Given material:
################

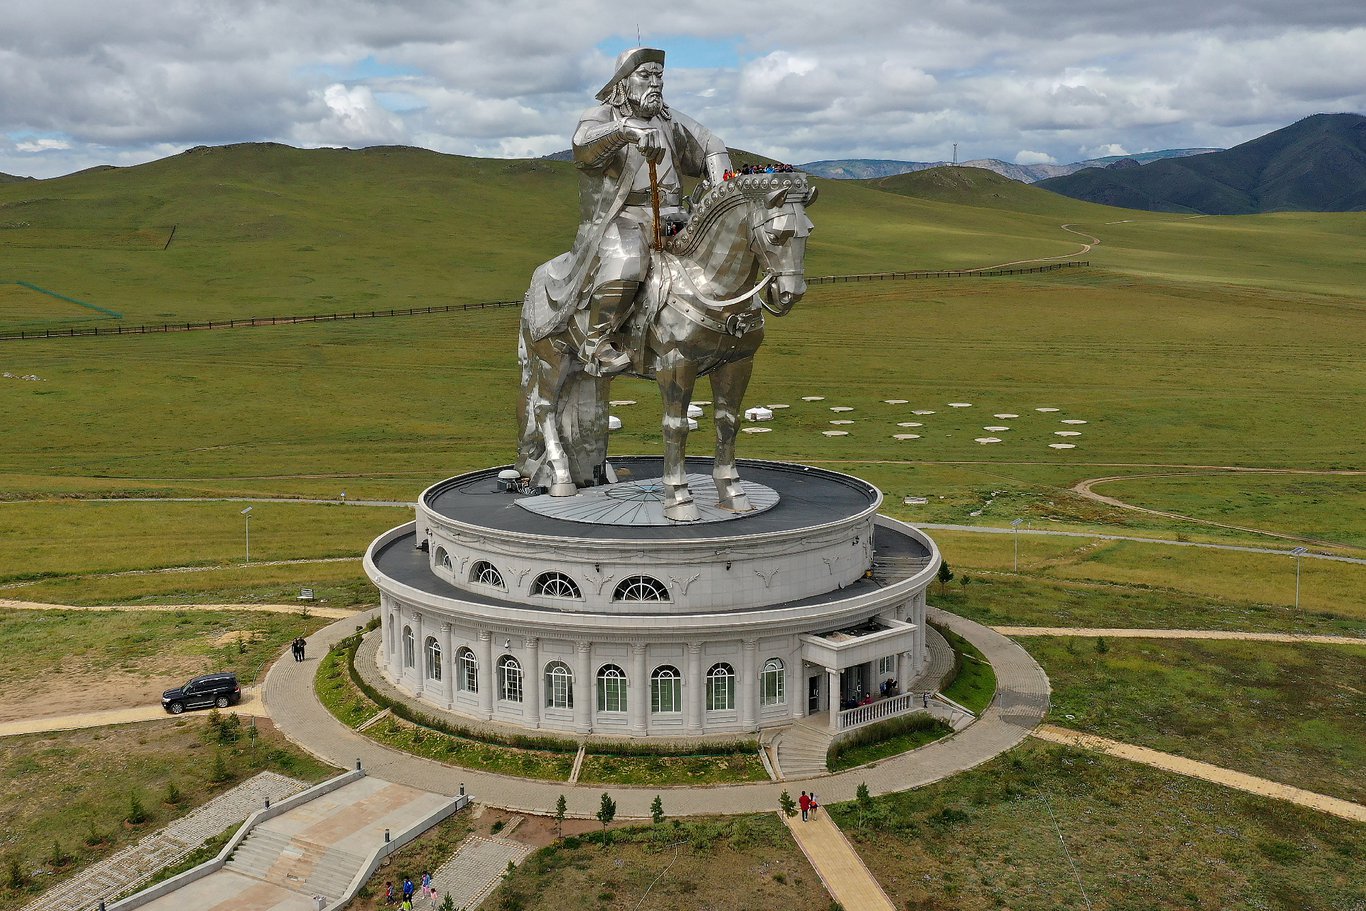 Какие памятники культуры связаны с монгольским завоеванием
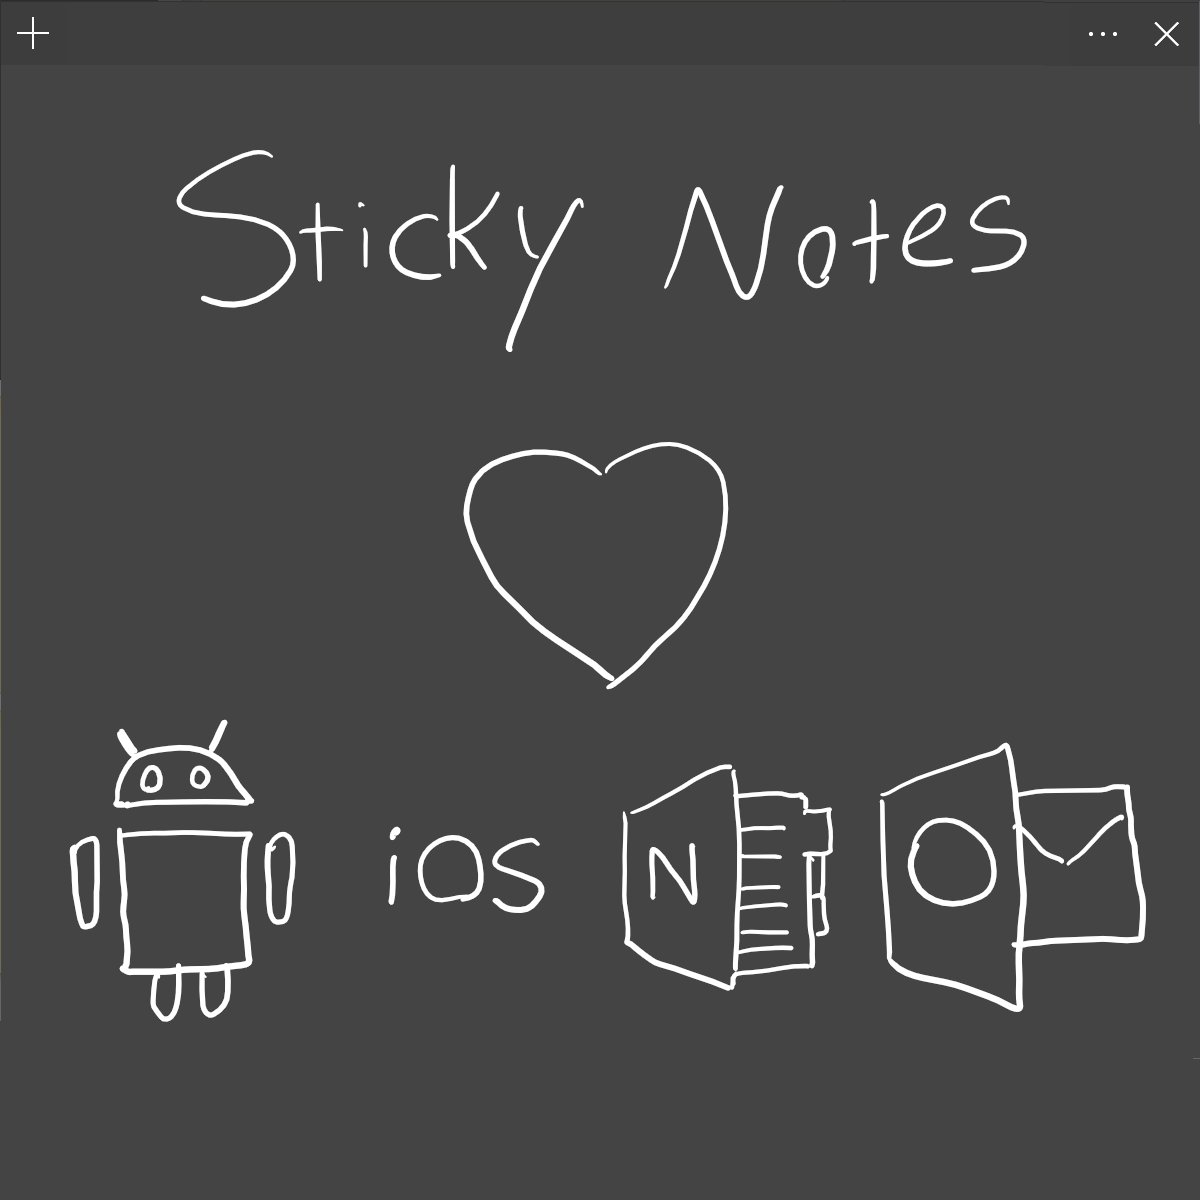 onenote sticky notes windows 10
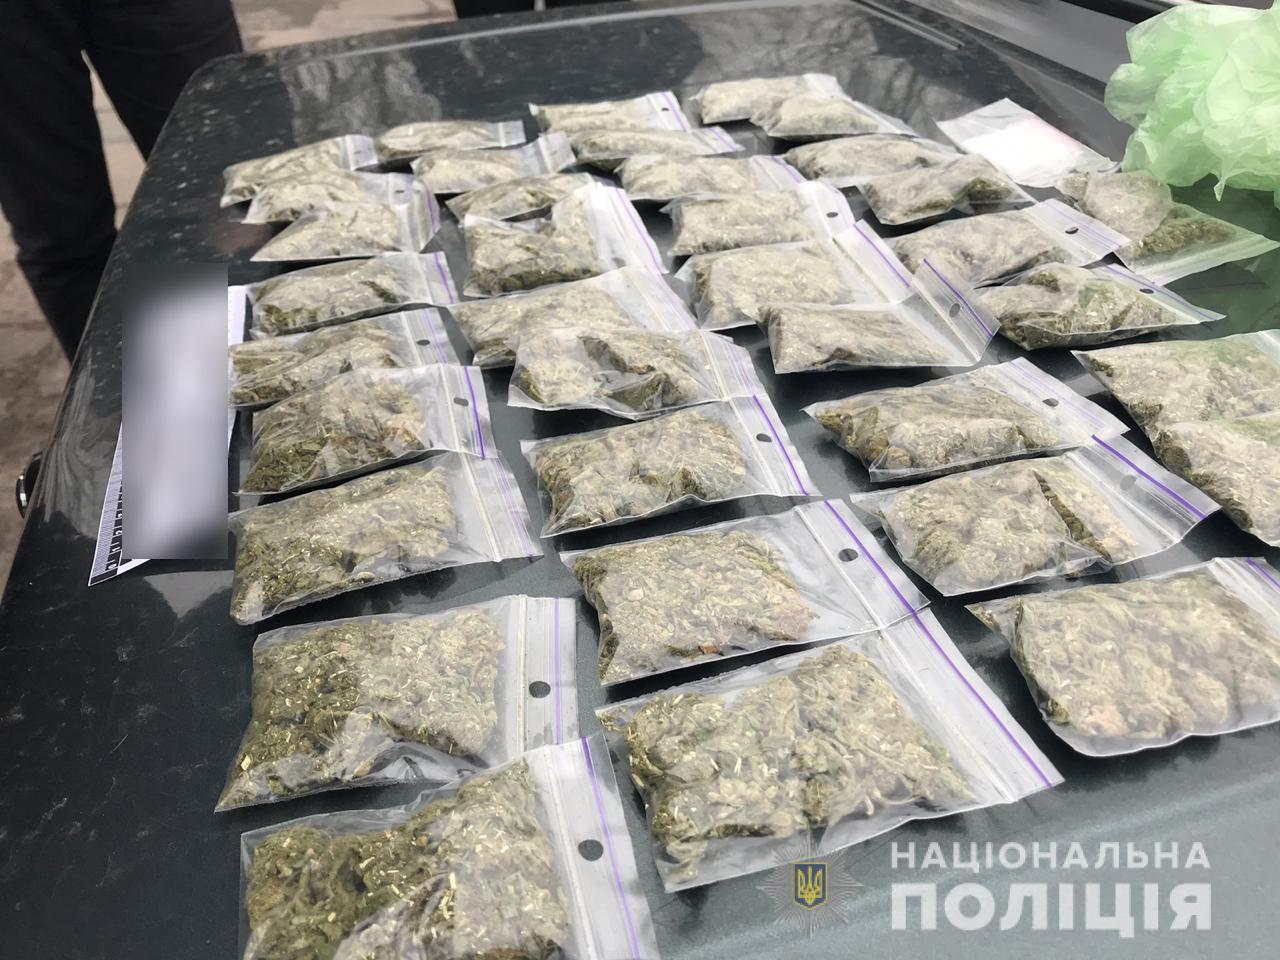 Сколько грамм марихуаны при себе украине что случилось с tor browser hydra2web
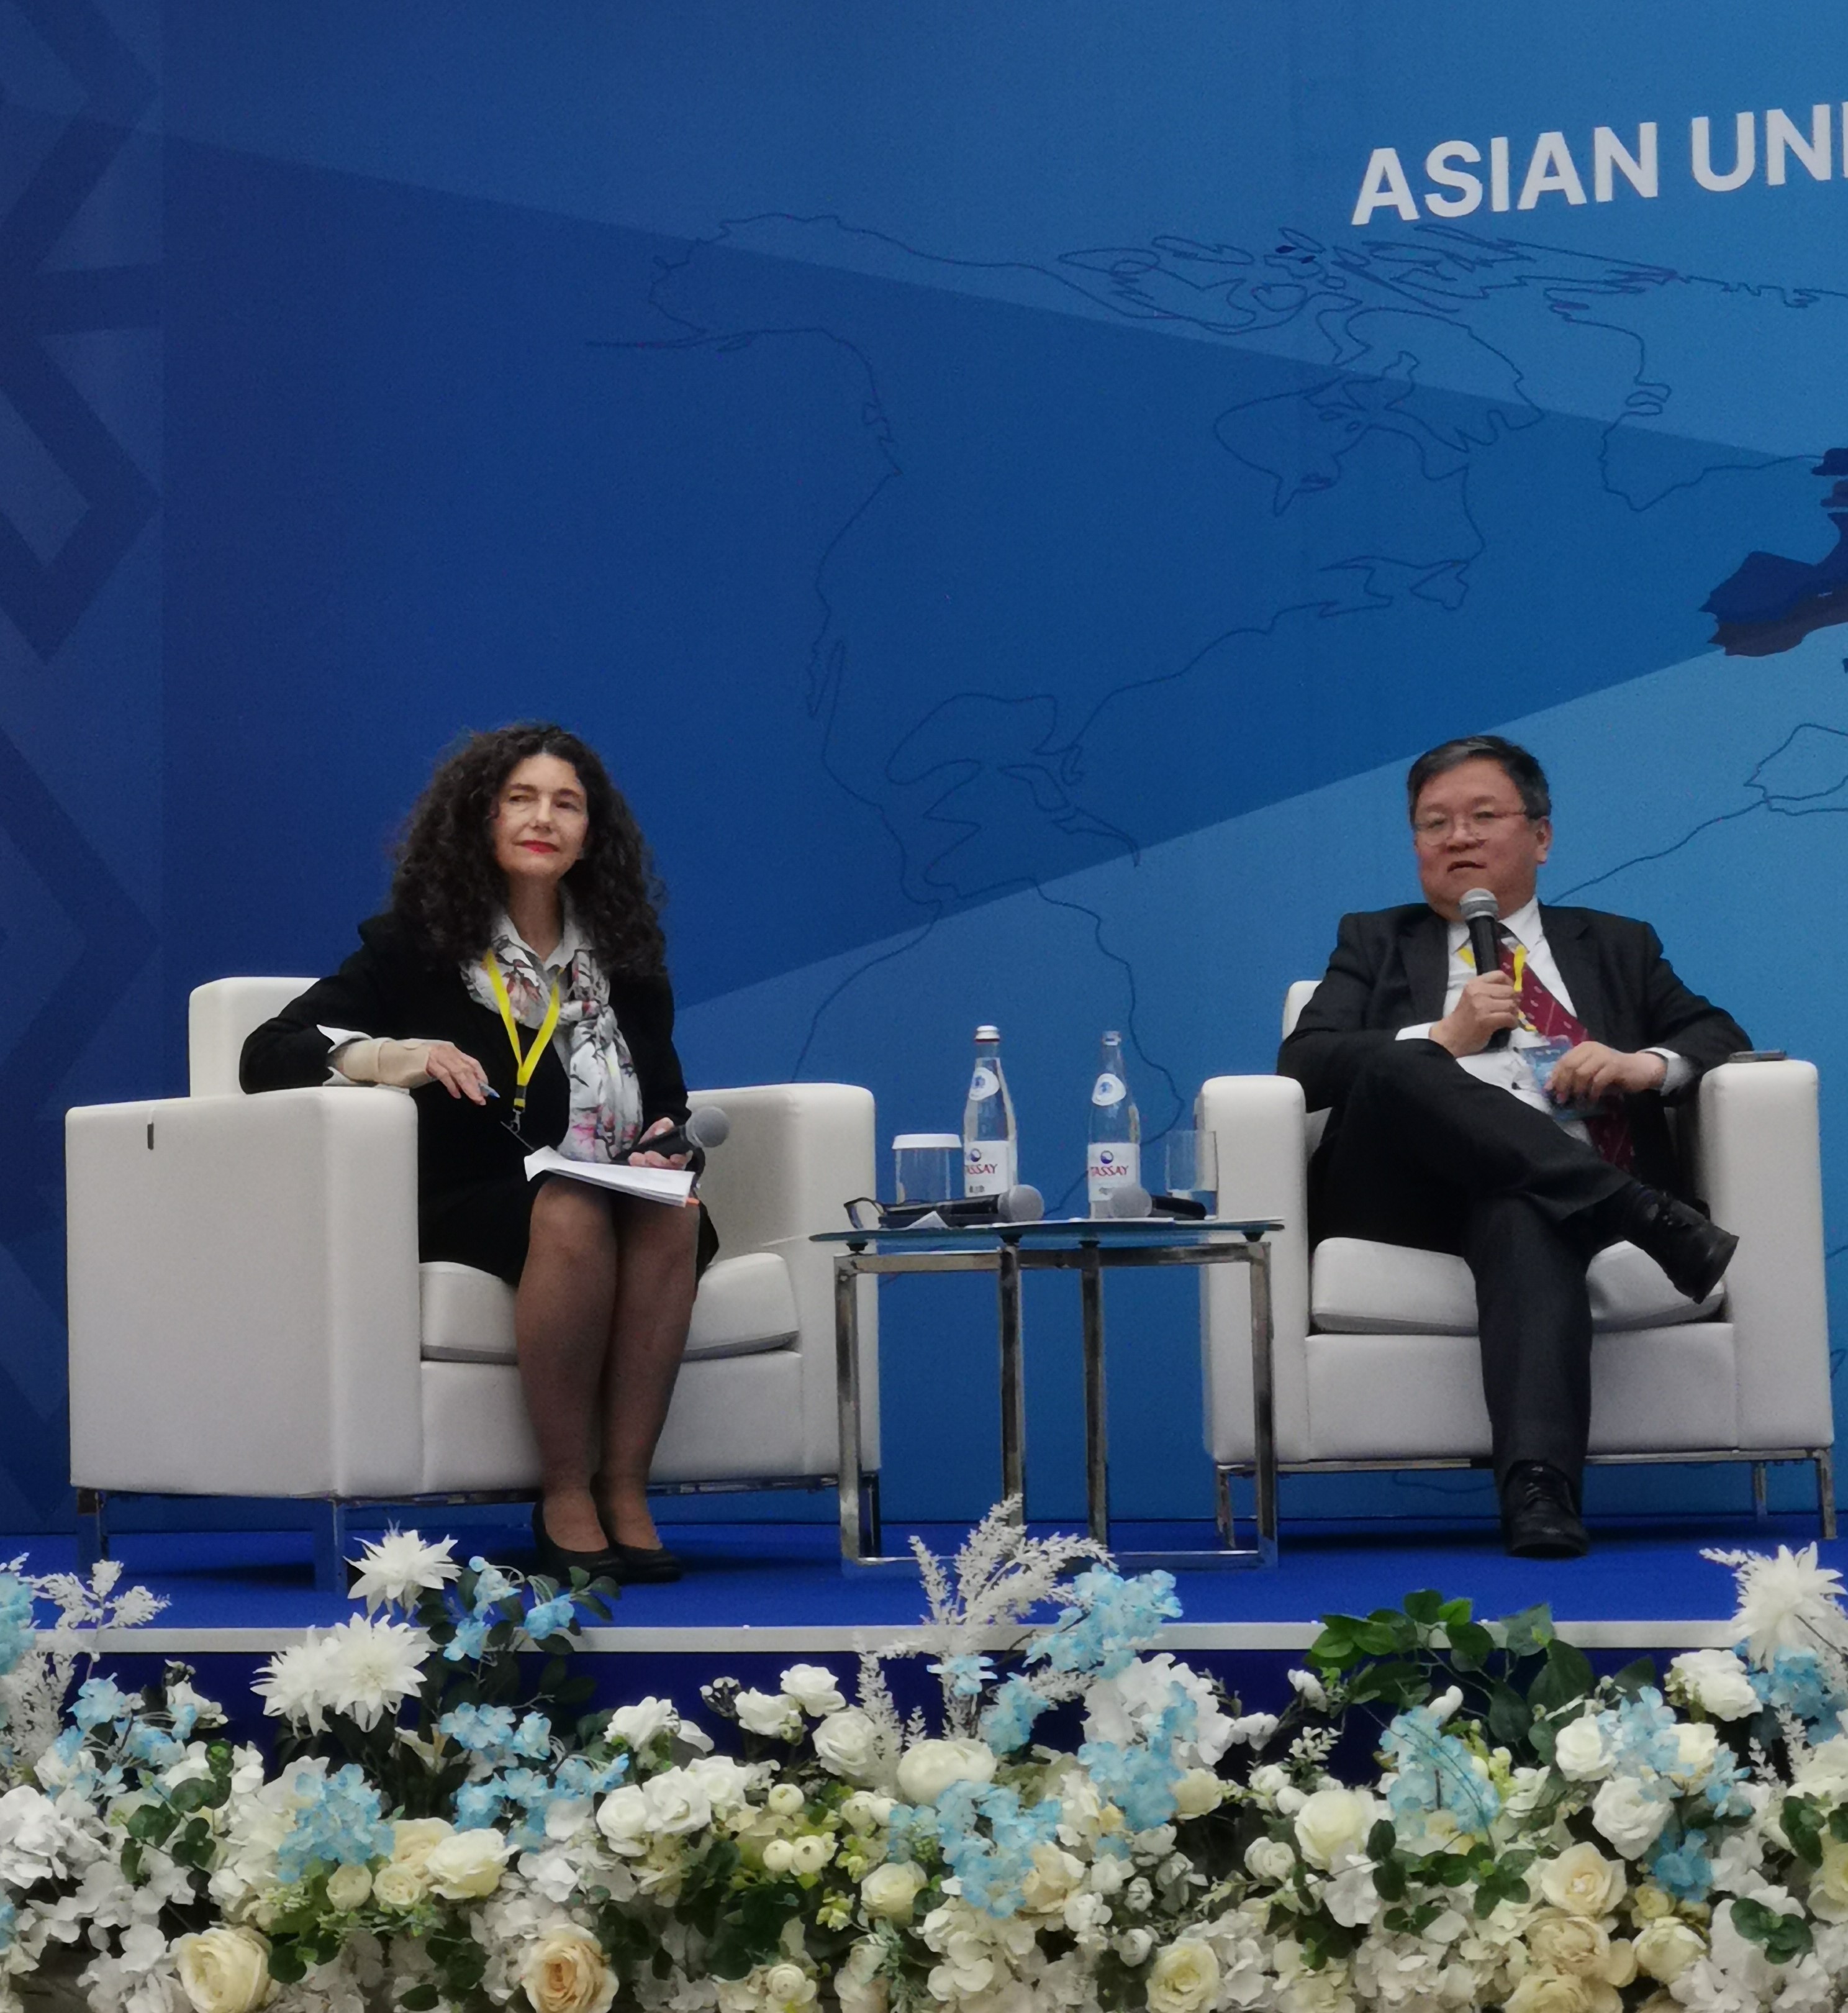 科大首席副校長郭毅可教授在2023年亞洲大學聯盟校長論壇上分享睿見。

################

Work to be completed:
Omit the images; transcribe the listing verbatim.

Solution:
 Какие памятники культуры связаны с монгольским завоеванием
 onenote sticky notes windows 10
 Сколько грамм марихуаны при себе украине что случилось с tor browser hydra2web
 科大首席副校長郭毅可教授在2023年亞洲大學聯盟校長論壇上分享睿見。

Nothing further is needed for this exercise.